これだけではswagger.jsonを自分で作成する必要があります。
今回はソースコード(jsdoc)からAPI仕様書を作成したいので、別のpackageもインストールする必要があります。

swagger-jsdoc

jsdocからSwagger UIで使用可能なjsonを作成できるpackageです。

$ npm i -D swagger-jsdoc

完成コードと解説

完成コード

main.js
const express = require('express')
const app = express()
const swaggerUi = require('swagger-ui-express')
const swaggerJSDoc = require('swagger-jsdoc');

const options = {
  swaggerDefinition: {
    info: {
      title: 'MAMANのAPI',
      version: '1.0.0'
    },
  },
  apis: ['./main.js'],
};
app.use('/spec', swaggerUi.serve, swaggerUi.setup(swaggerJSDoc(options)))

/**
 * @swagger
 * /hello:
 *   get:
 *     description: こんにちはと挨拶してくれます
 *     produces:
 *       - application/json
 *     parameters:
 *       - name: name
 *         description: アナタの名前
 *         in: query
 *         required: true
 *         type: string
 *     responses:
 *       200:
 *         description: nameにJohnを指定した場合、挨拶を返す
 *         examples:
 *           result:
 *              message: Hello Jon!
 *              yourName: John
 */
app.get('/hello', (req, res) => res.json({
  message: `Hello ${req.query.name}!`,
  yourName: req.query.name,
}))

app.listen(3000, () => console.log("Listen on port 3000."))

起動コマンドは変わりません。

$ node main.js

http://localhost:3000/specにアクセスすると仕様書が表示されます。

swagger関連の仕組み部分

仕組みの部分は以下のコードです。

const swaggerUi = require('swagger-ui-express')
const swaggerJSDoc = require('swagger-jsdoc');

const options = {
  swaggerDefinition: {
    info: {
      title: 'MAMANのAPI',
      version: '1.0.0'
    },
  },
  apis: ['./main.js'],
};
app.use('/spec', swaggerUi.serve, swaggerUi.setup(swaggerJSDoc(options)))
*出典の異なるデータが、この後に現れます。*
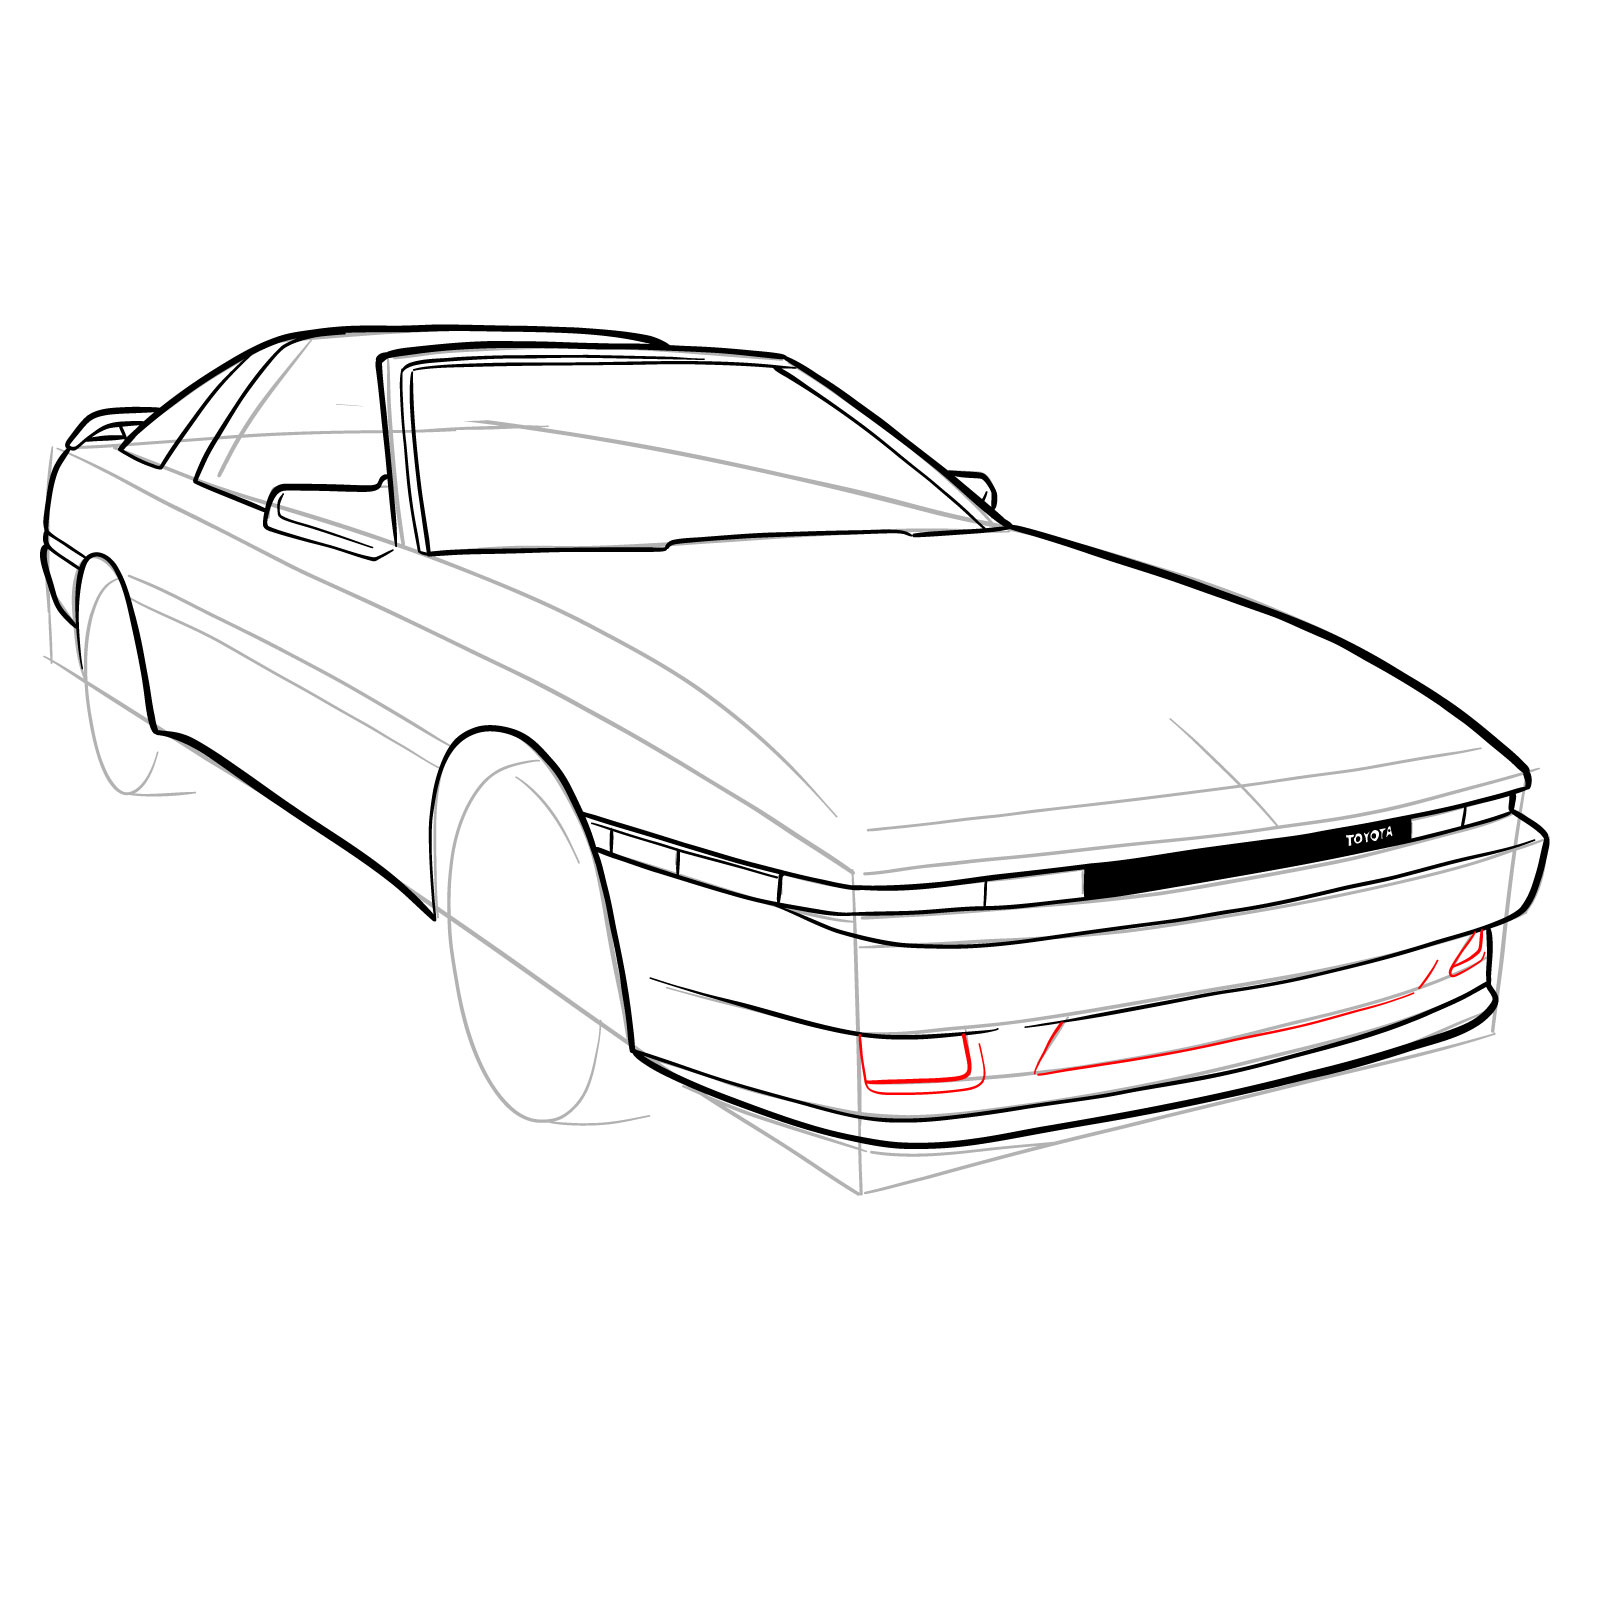 How to draw a 1988 Toyota Supra Turbo MK 3 - step 19

/specのエンドポイントに対して、swaggerUi.serveというhandlerを渡します。
次の引数にjsdocから変換された設定が渡ります。

optionsは仕様書の情報です。
apisにはAPI(jsdoc)が記載されたファイルのパターン(**/*.jsなど)を指定します。
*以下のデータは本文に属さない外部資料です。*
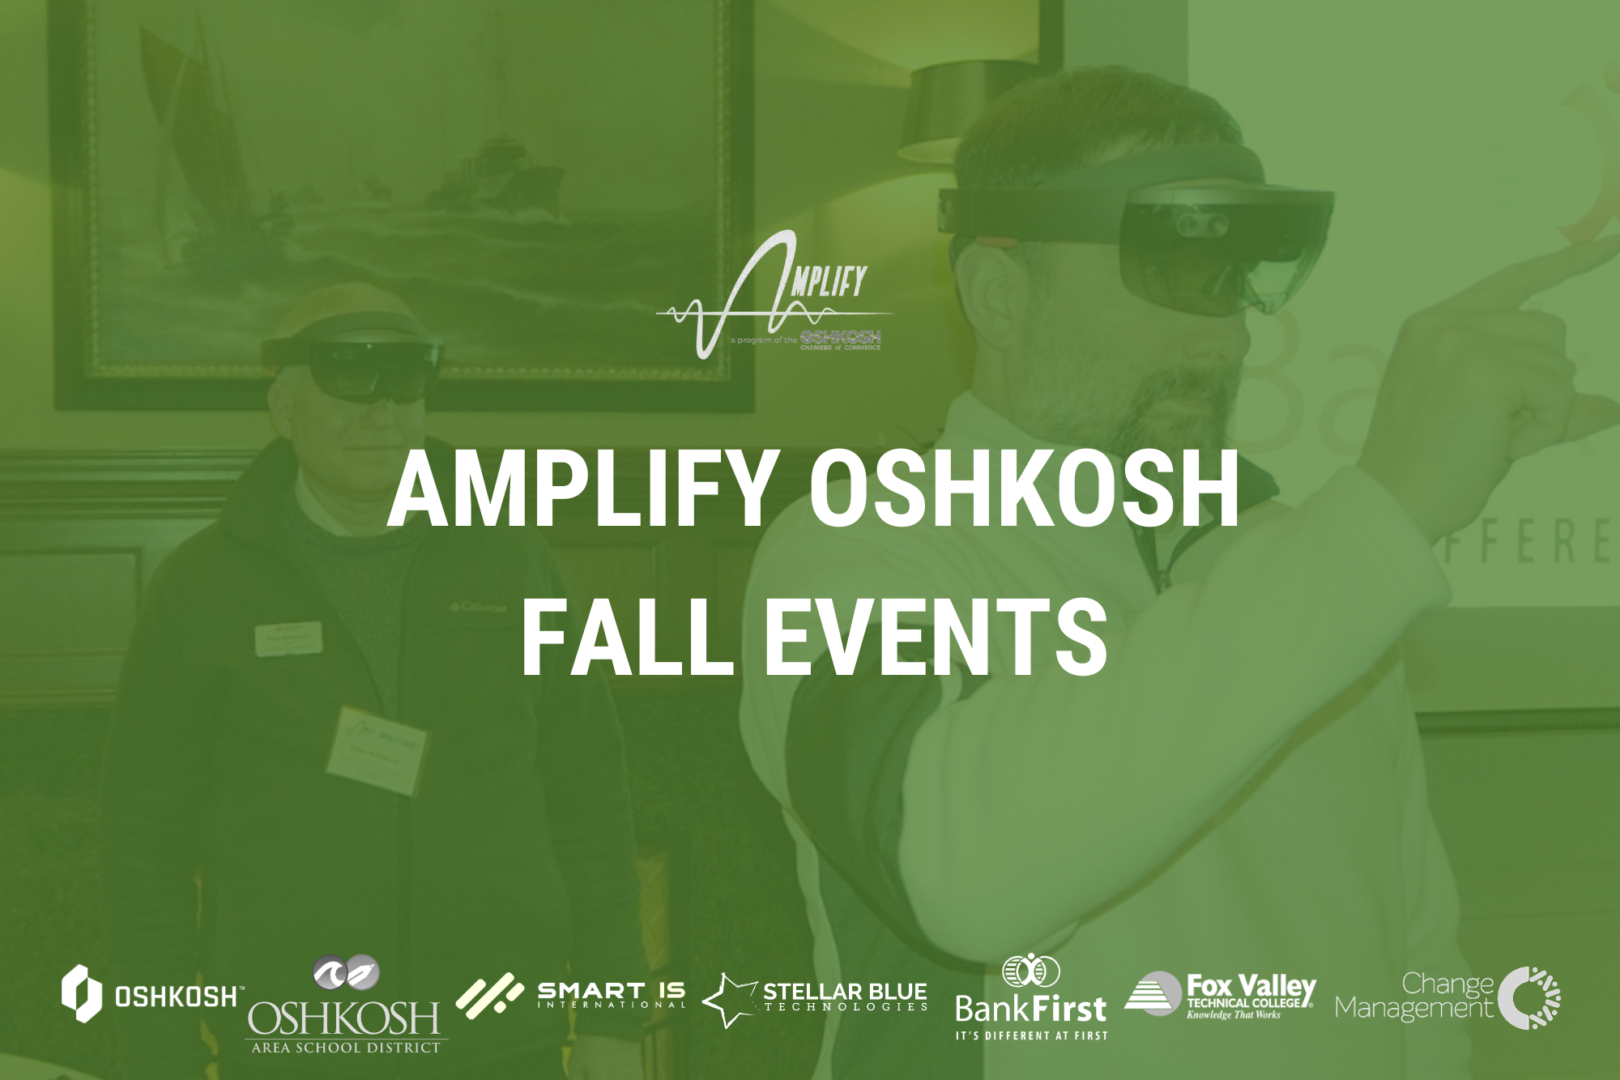 Amplify Oshkosh Fall Events

今回は同じファイル内にAPIが存在するため、自身である./main.jsを指定しました。

API(jsdoc)部分

API仕様が記載されたjsdocの部分です。

/**
 * @swagger
 * /hello:
 *   get:
 *     description: こんにちはと挨拶してくれます
 *     produces:
 *       - application/json
 *     parameters:
 *       - name: name
 *         description: アナタの名前
 *         in: query
 *         required: true
 *         type: string
 *     responses:
 *       200:
 *         description: nameにJohnを指定した場合、挨拶を返す
 *         examples:
 *           result:
 *              message: Hello Jon!
 *              yourName: John
 */
app.get('/hello', (req, res) => res.json({
  message: `Hello ${req.query.name}!`,
  yourName: req.query.name,
}))

記載内容..Open APIの仕様は以下を参照してください。

総括

Expressで作成したAPIの仕様書をSwagger UIを使って作りました。

Swagger UIの元となる情報はswagger-ui-expressswagger-jsdocを使ってjsdocから自動生成しています。
それゆえ、別途yamlファイルを管理したり、仕様書(静的ファイル)を配信する方法を考える必要がありません。

APIのエントリポイントが書かれたコードの上に記載することで、仕様と実装の乖離しないスマートな開発ができるのではないでしょうか。